Repeat the listing below line by line, exactly, leaving its pictures behind.
═════ Recorded data
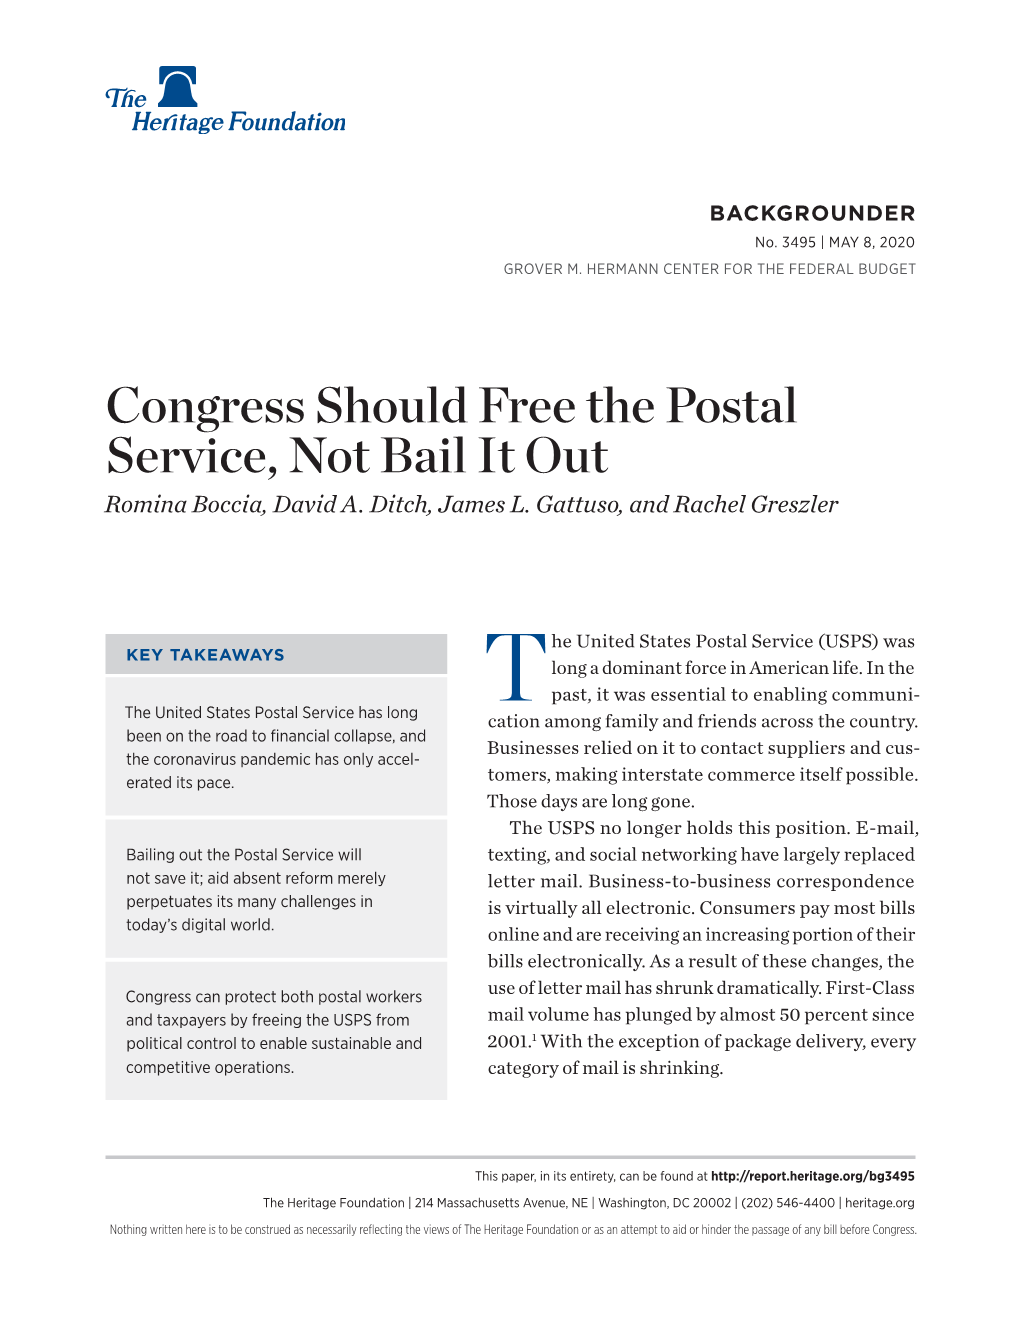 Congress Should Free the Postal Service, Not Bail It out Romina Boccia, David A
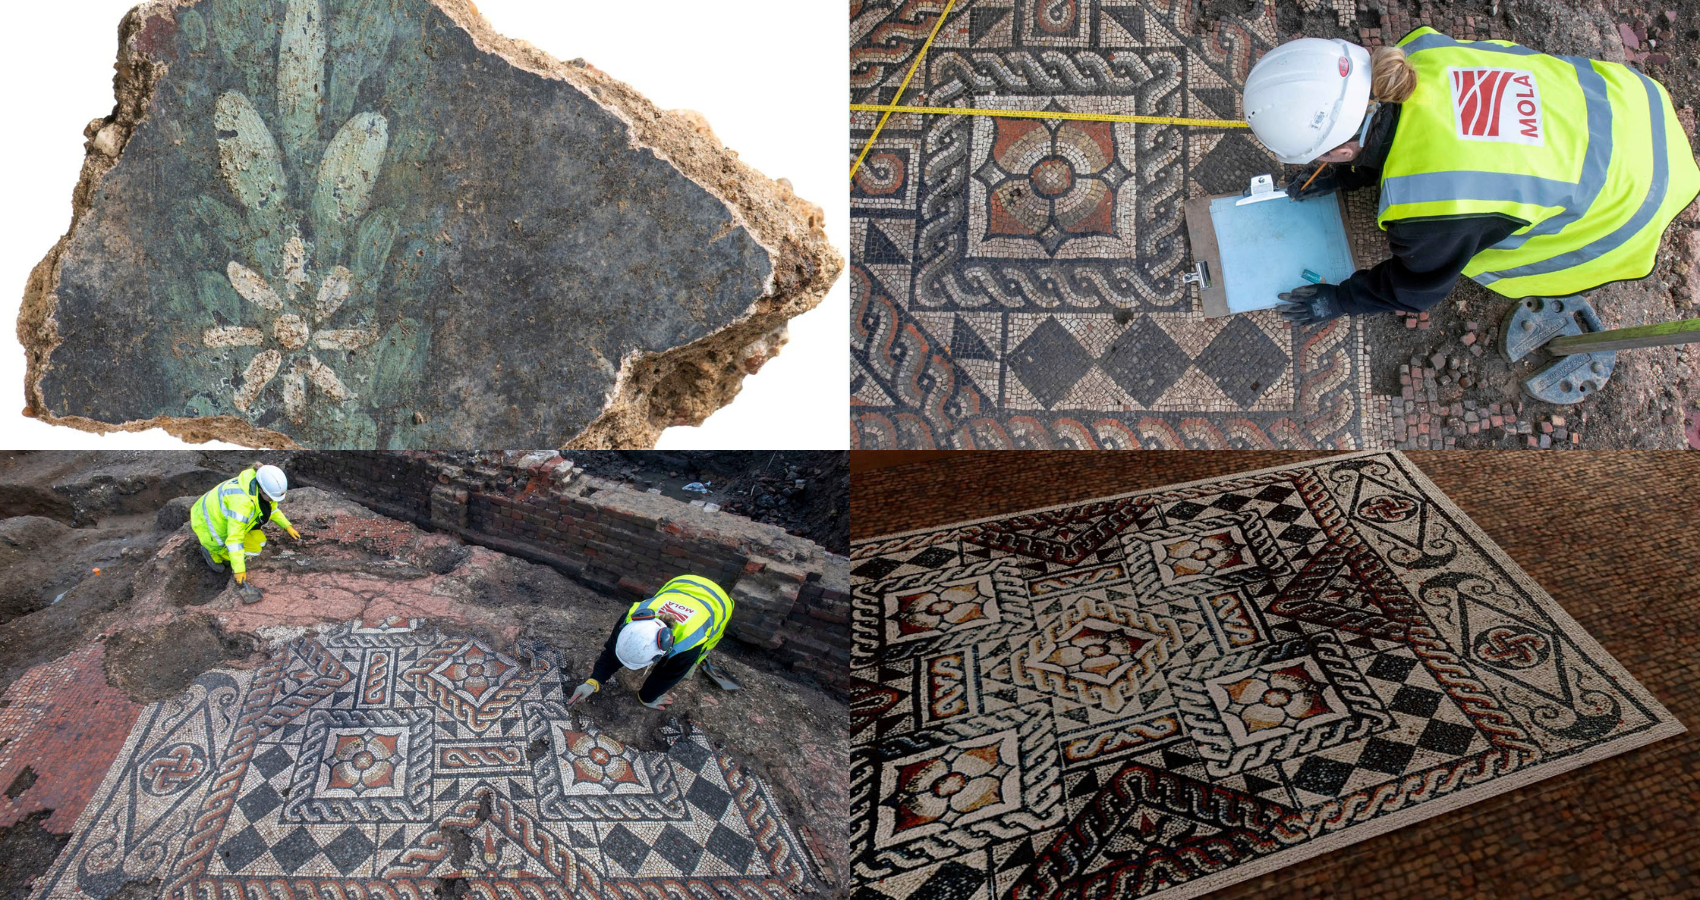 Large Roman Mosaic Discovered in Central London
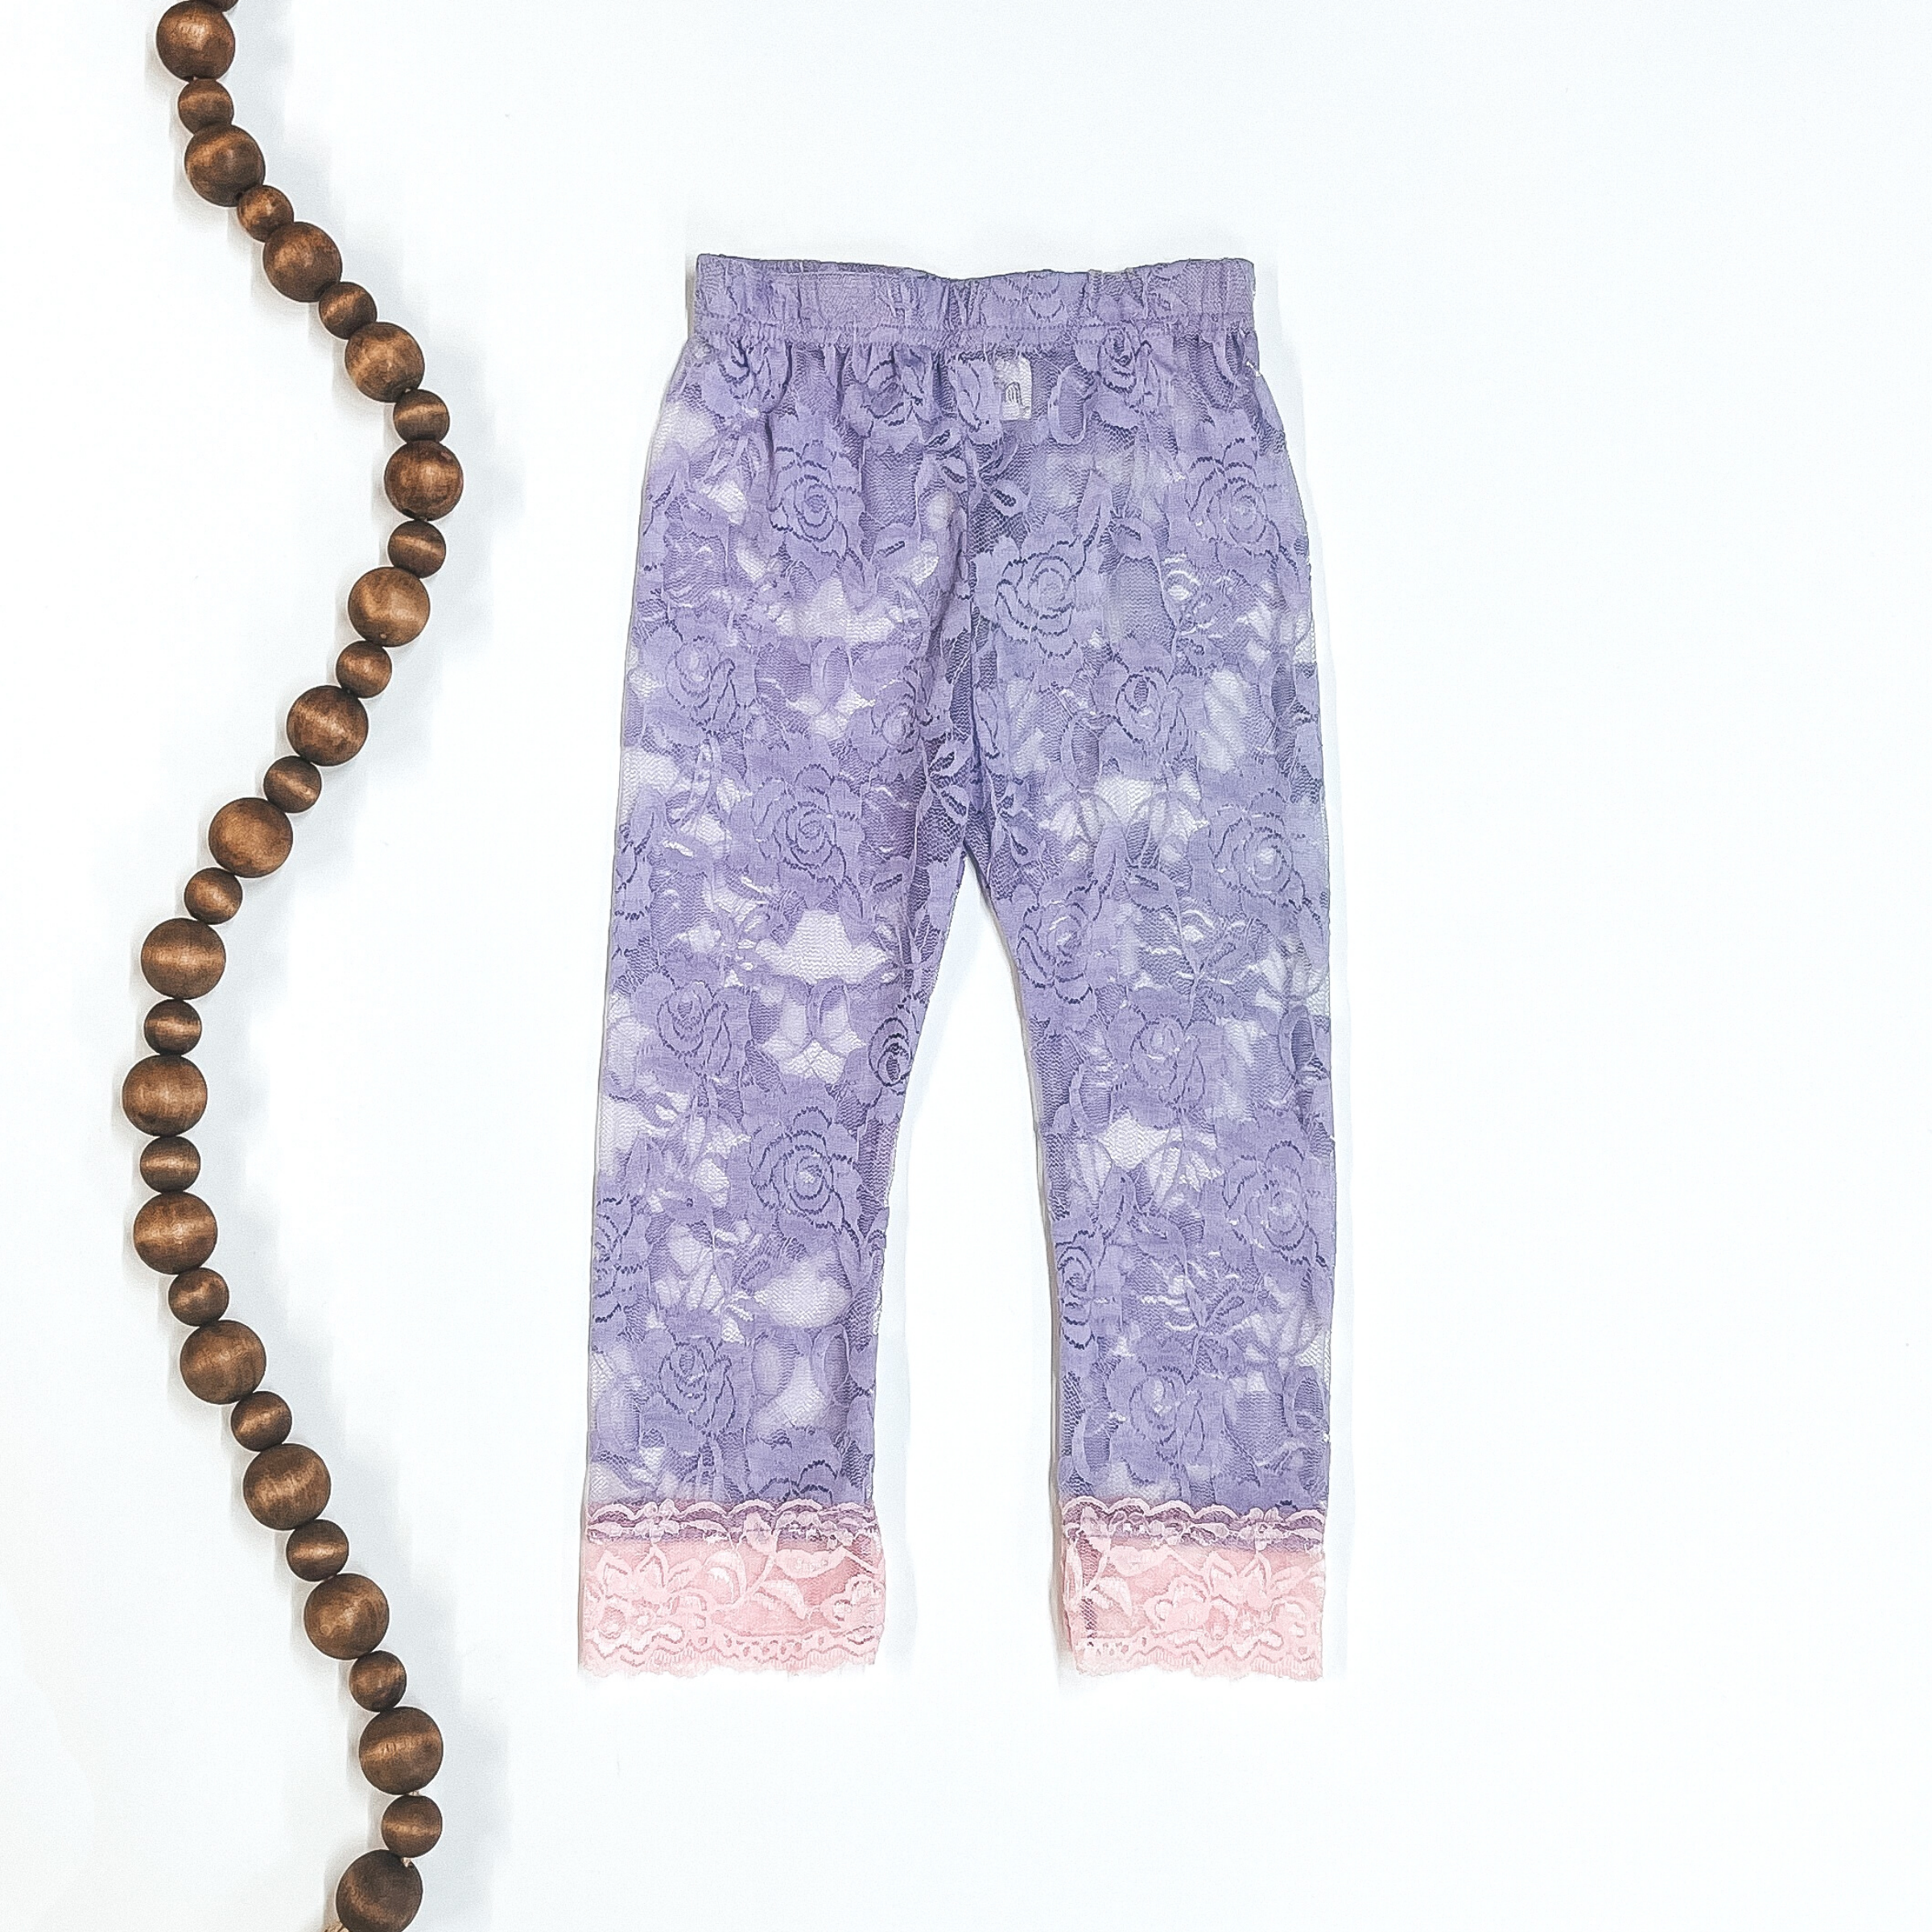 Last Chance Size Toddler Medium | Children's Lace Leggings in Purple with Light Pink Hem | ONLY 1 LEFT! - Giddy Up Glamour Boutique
══════════
Result of this exercise:
 Congress Should Free the Postal Service, Not Bail It out Romina Boccia, David A
 Large Roman Mosaic Discovered in Central London
 Last Chance Size Toddler Medium | Children's Lace Leggings in Purple with Light Pink Hem | ONLY 1 LEFT! - Giddy Up Glamour Boutique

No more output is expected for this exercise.